Bei farbechten Stoffen, die auch einem Bleichvorgang standhalten, kann auch chlorhaltiger Reiniger zur Behandlung von Schweißflecken zum Einsatz kommen. Dieser Reiniger sollte jedoch stets mit Handschuhen verwendet und niemals unverdünnt auf das Gewebe getupft werden. Ein kleiner Spritzer genügt vollkommen, um einen halben Liter warmes Wasser in eine effektive Einweichlösung zu verwandeln. Nach einer Einwirkzeit von maximal drei Stunden wird das betroffene Kleidungsstück dann in der Maschine gewaschen.

Da es sich bei Schweißflecken um äußerst hartnäckige Verunreinigungen handeln kann, reicht die einmalige Behandlung häufig nicht aus. Es kann daher sein, dass die gelblichen Schatten erst nach mehrmaligem Wiederholen der Fleckentfernung gänzlich verblasst sind.

Tipps zur Vorbeugung von Schweißflecken

Am besten ist es selbstverständlich, wenn Schweißflecken erst gar nicht entstehen. Da es sich beim Schwitzen jedoch um einen notwendigen und wertvollen körperlichen Vorgang handelt, lässt sich dieser nicht verhindern oder effektiv unterdrücken.

Ein erster Schritt hin zu geringer ausgeprägten Schweißflecken kann der Umstieg von einem Deodorant auf ein Antitranspirant sein. Diese Pflegeprodukte verhindern die Absonderung von Schweiß aus den Drüsen, indem sie sie verschließen. Da die Wirkung eines Antitranspirants jedoch meist nicht zu einhundert Prozent verlässlich ist und schon nach wenigen Stunden schwinden kann, eignen sich diese Mittel kaum, um Schweißflecken gänzlich zu verhindern.

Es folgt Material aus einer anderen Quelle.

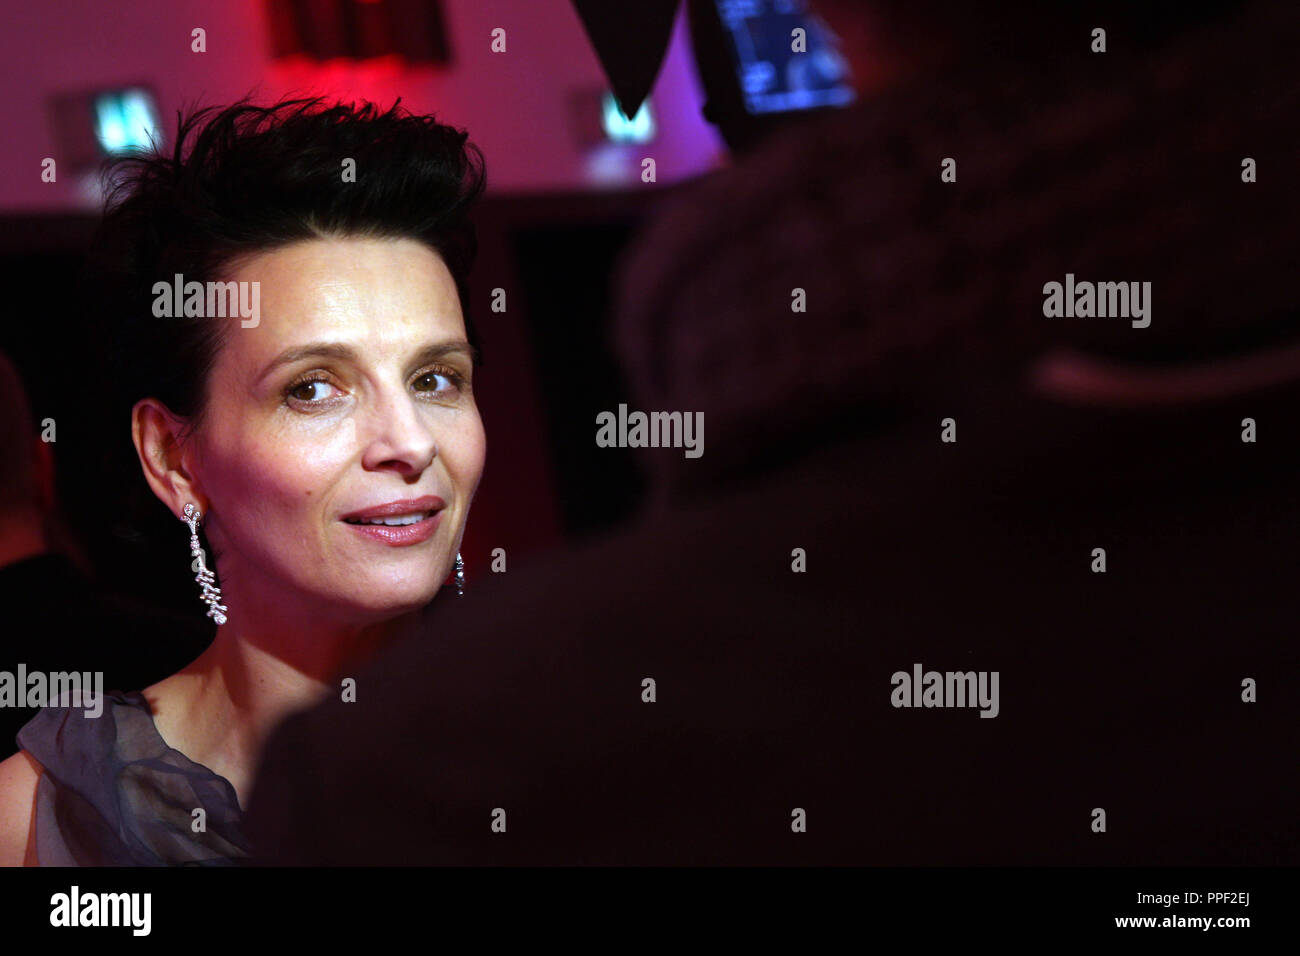 Candy manufacturer Ferrero ('Mon cheri') celebrates Barbara day at Postpalast in Munich, Germany. It's a night of fundraising for a children's foundation. Portrait of french actress Juliette Binoche Stock Photo
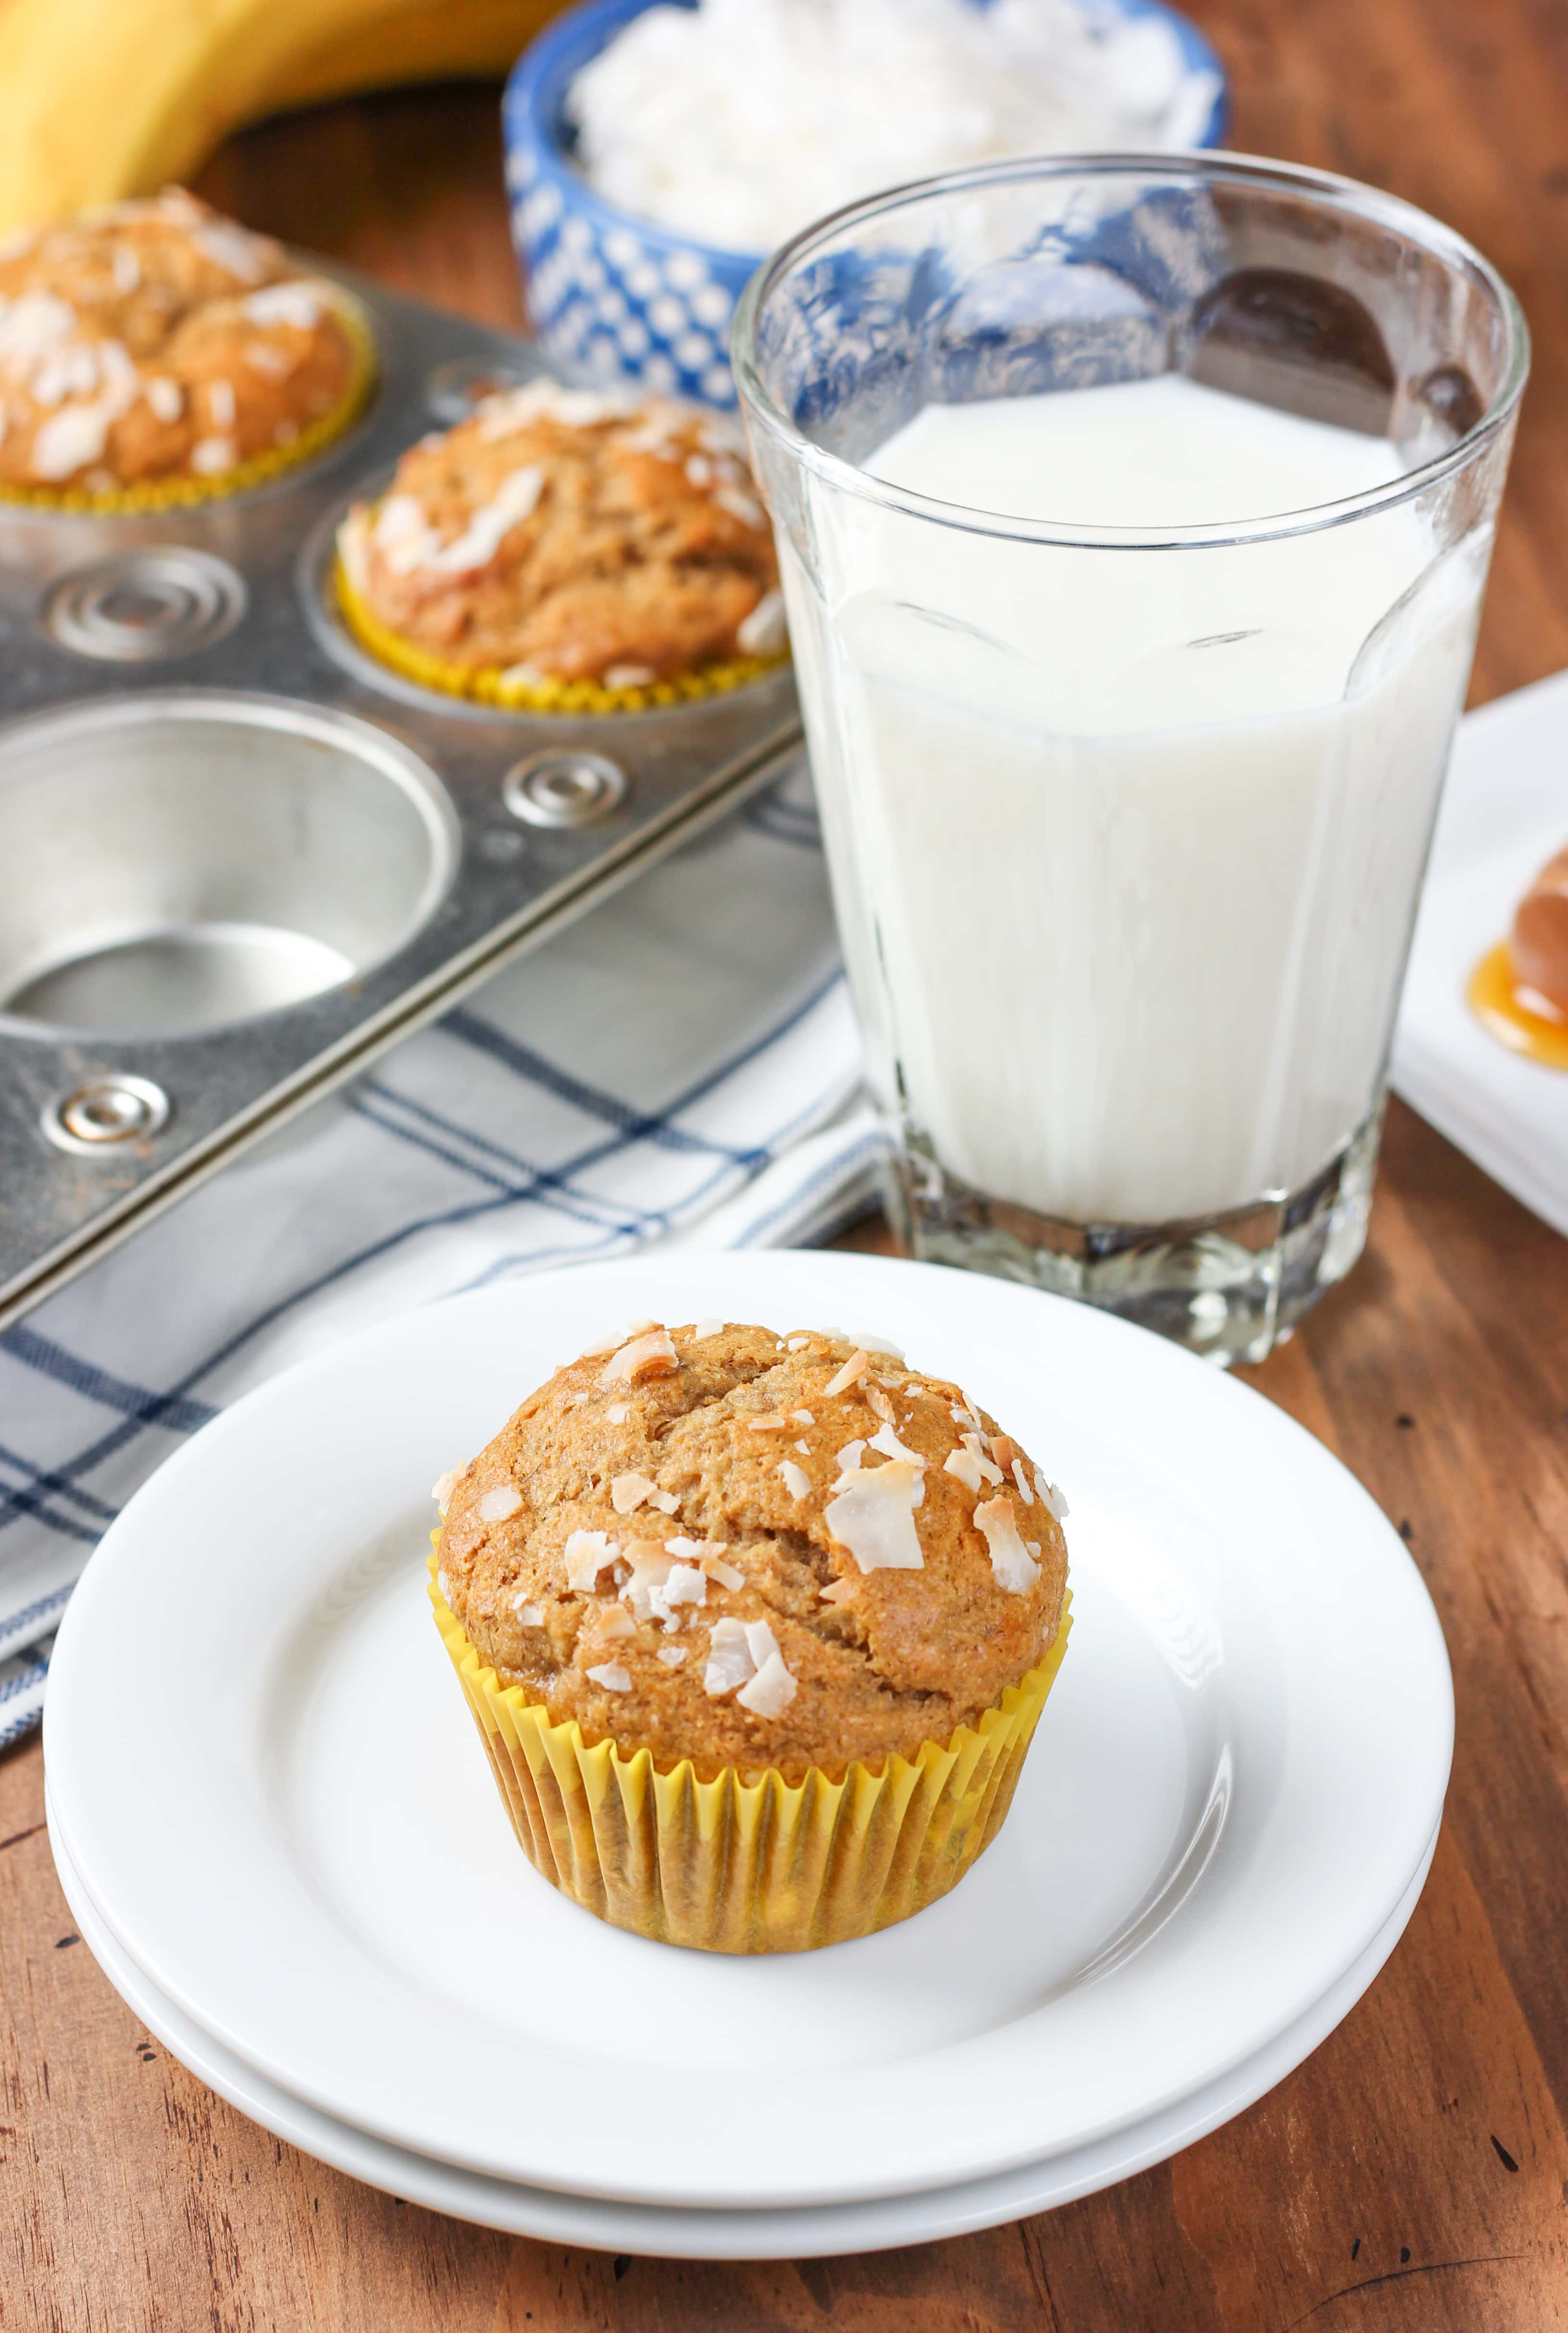 Whole Wheat Peanut Butter Banana Protein Muffins Recipe from A Kitchen Addiction

Tatsächlich sinnvoll im Kampf gegen Schweißflecken unter den Achseln können sogenannte Achselpads sein. Hierbei handelt es sich um saugfähige Pads, die auf den Stoff im Achselbereich geklebt werden können. Während des Tragens verhindern sie den Kontakt von Schweiß und Kleidungsstück, was der Bildung von Schweißflecken effektiv vorbeugen kann.